My question is related to this other question:V is a n-dimensional vector space and $T : V \rightarrow V$ is a LT s.t $rank(T) = rank(T^2)$. Prove that $range(T)\cap ker(T) = \{\mathbb{0}\}$. I solved it in a different way and i would like to know if my reasoning is correct.

My demonstration:

Since V is both the domain and codomain of T, T is an isomorphism. This means that T is inyective and surjective at the same time.
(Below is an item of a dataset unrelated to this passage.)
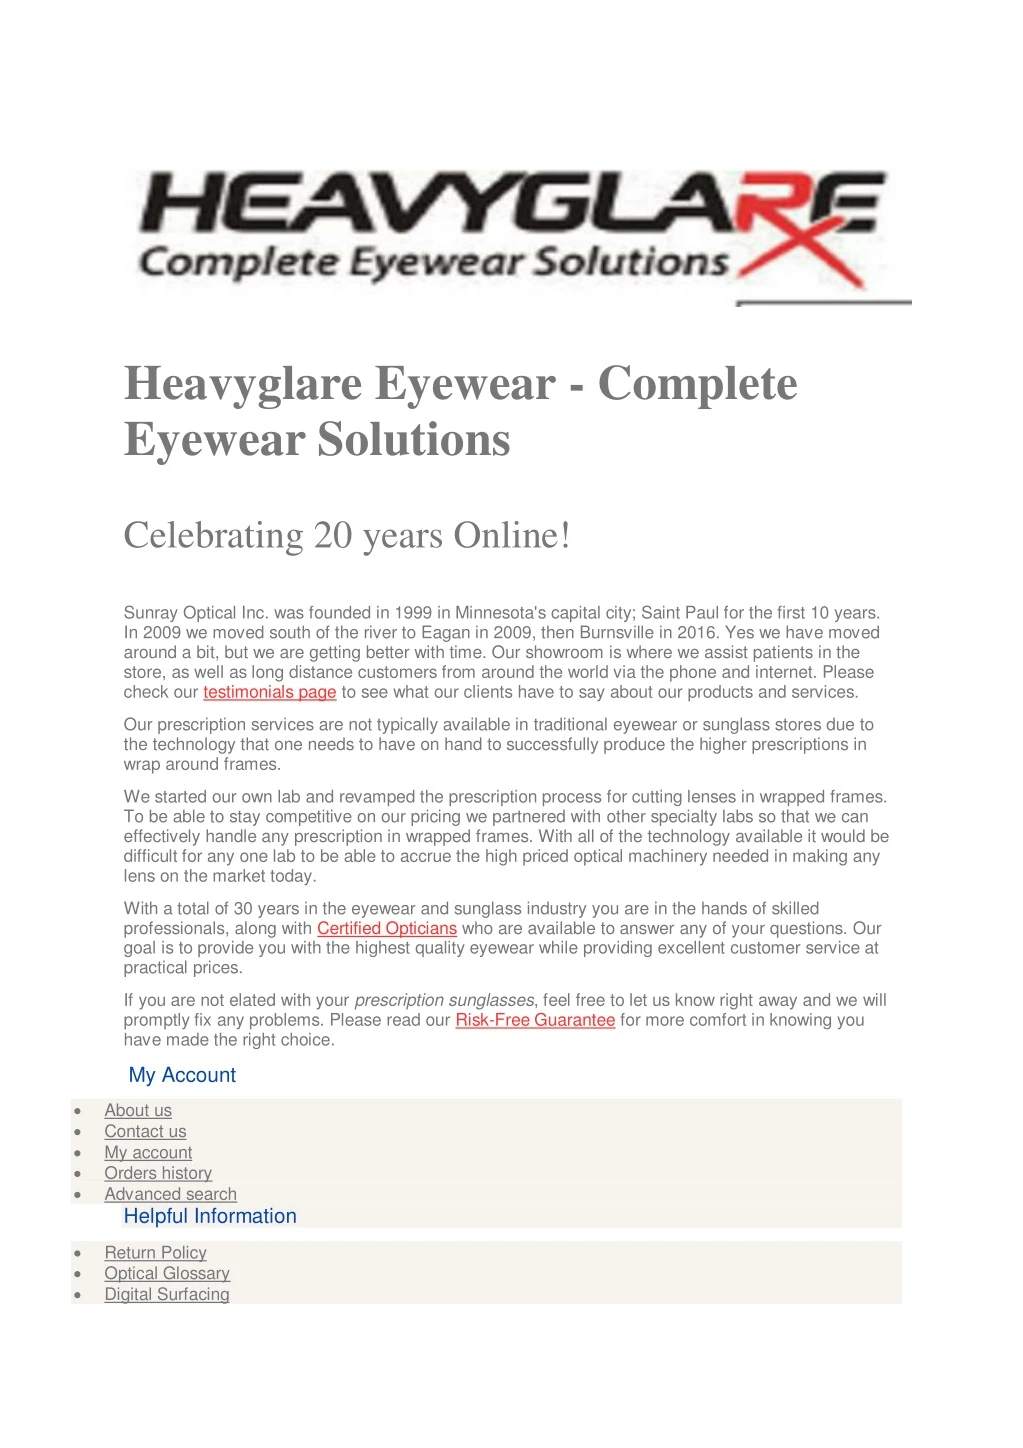 heavyglare eyewear complete eyewear solutions
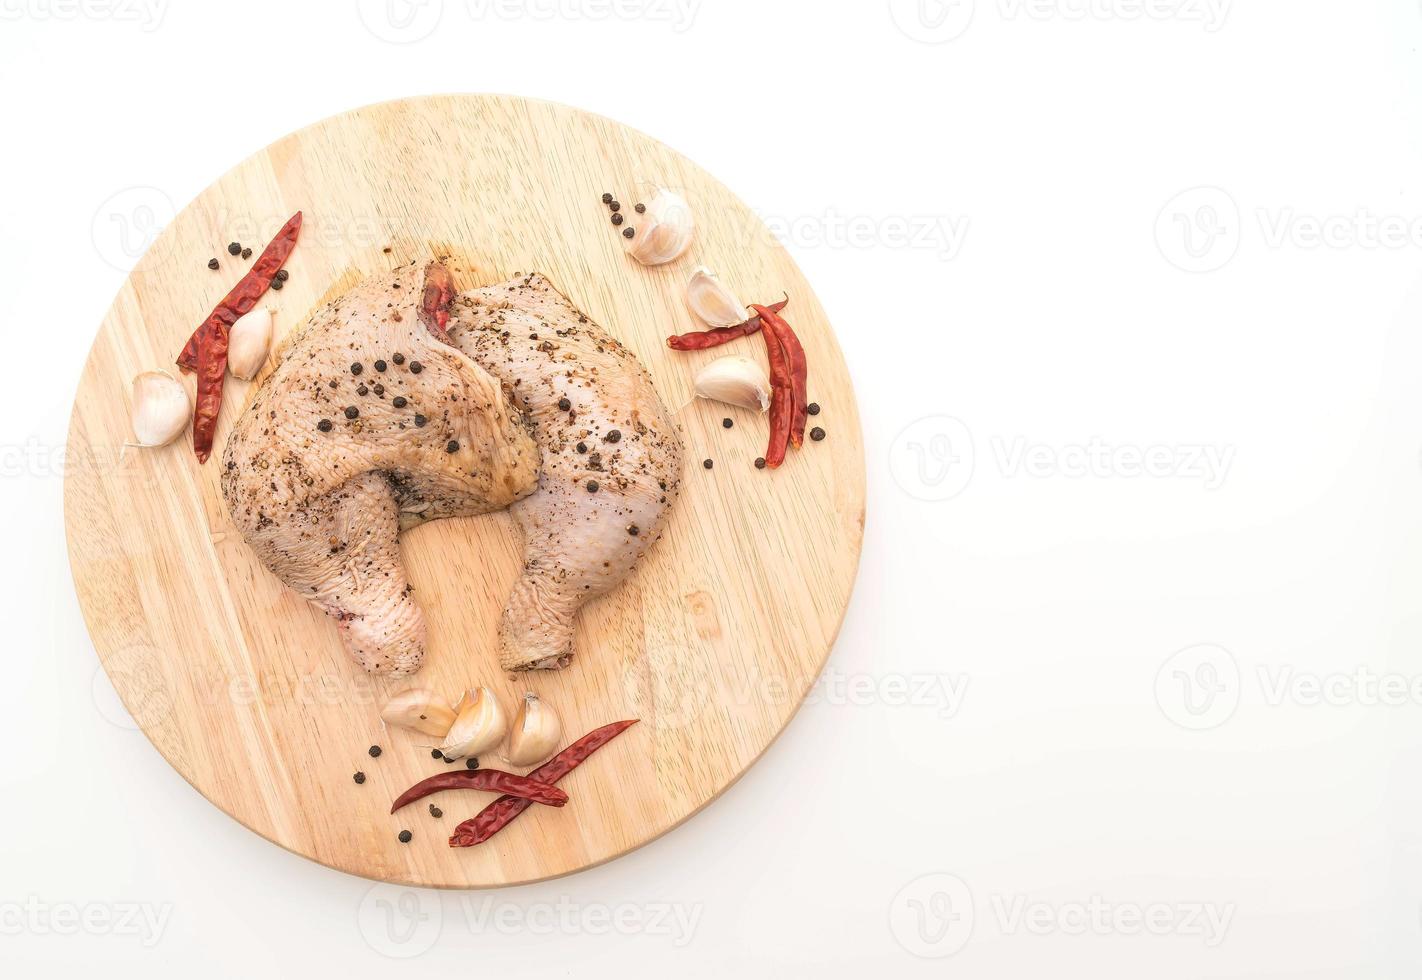 Coxa de frango marinado com molho, pimenta preta, alho e pimenta seca na tábua de madeira foto

Given that T is inyective we have that ker(T)={0}. Since range(T) is a vector space, it must contain the vector 0. Here we conclude that range(T) $\cap$ ker(T)={0}.

Answer 1

consider rank-nullity theorem for linear maps $T:V \rightarrow V$ and $T^2 : V \rightarrow V$: $$ rank(T) + nul(T) = dim(V) \\ rank(T^2) + nul(T^2) = dim(V) $$ since $rank(T)=rank(T^2)$ ,then $dim(ker(T))=dim(ker(T^2))$. we know that $ker(T) \subset ker(T^2)$ because : $$ x \in ker(T) \rightarrow Tx=0 \rightarrow T^2 x= T0=0 \rightarrow x \in ker(T^2) $$ and kernel of a linear transformation is a linear subspace of $V$; therefore $$ker(T)=ker(T^2). \tag{*}$$ now let's prove the statement, we want to show if $x \in range(T) \cap ker(T)$ then $x=0$. so assume $x \in range(T) \cap ker(T)$. since $x\in range(T)$ then there exit a $y \in V$ s.t $Ty=x$. and since $x \in ker(T)$ then $Tx=T^2y=0$. so $y\in ker(T^2)=ker(T)$(*). by last result we get $x=Ty=0$. $\square$

Answer 2

The key is to first prove that if $x\in R(T)$ then $x = Tx$. Then find the value of $x\in R(T)\cap N(T)$.

Since $T=T^2$ it follows that if $x\in R(T)$ then $x = T\xi = T^2\xi = Tx$. Thus if $x\in N(T)\cap R(T)$ then $0 = Tx = x \implies N(T)\cap R(T)=\{0\}$.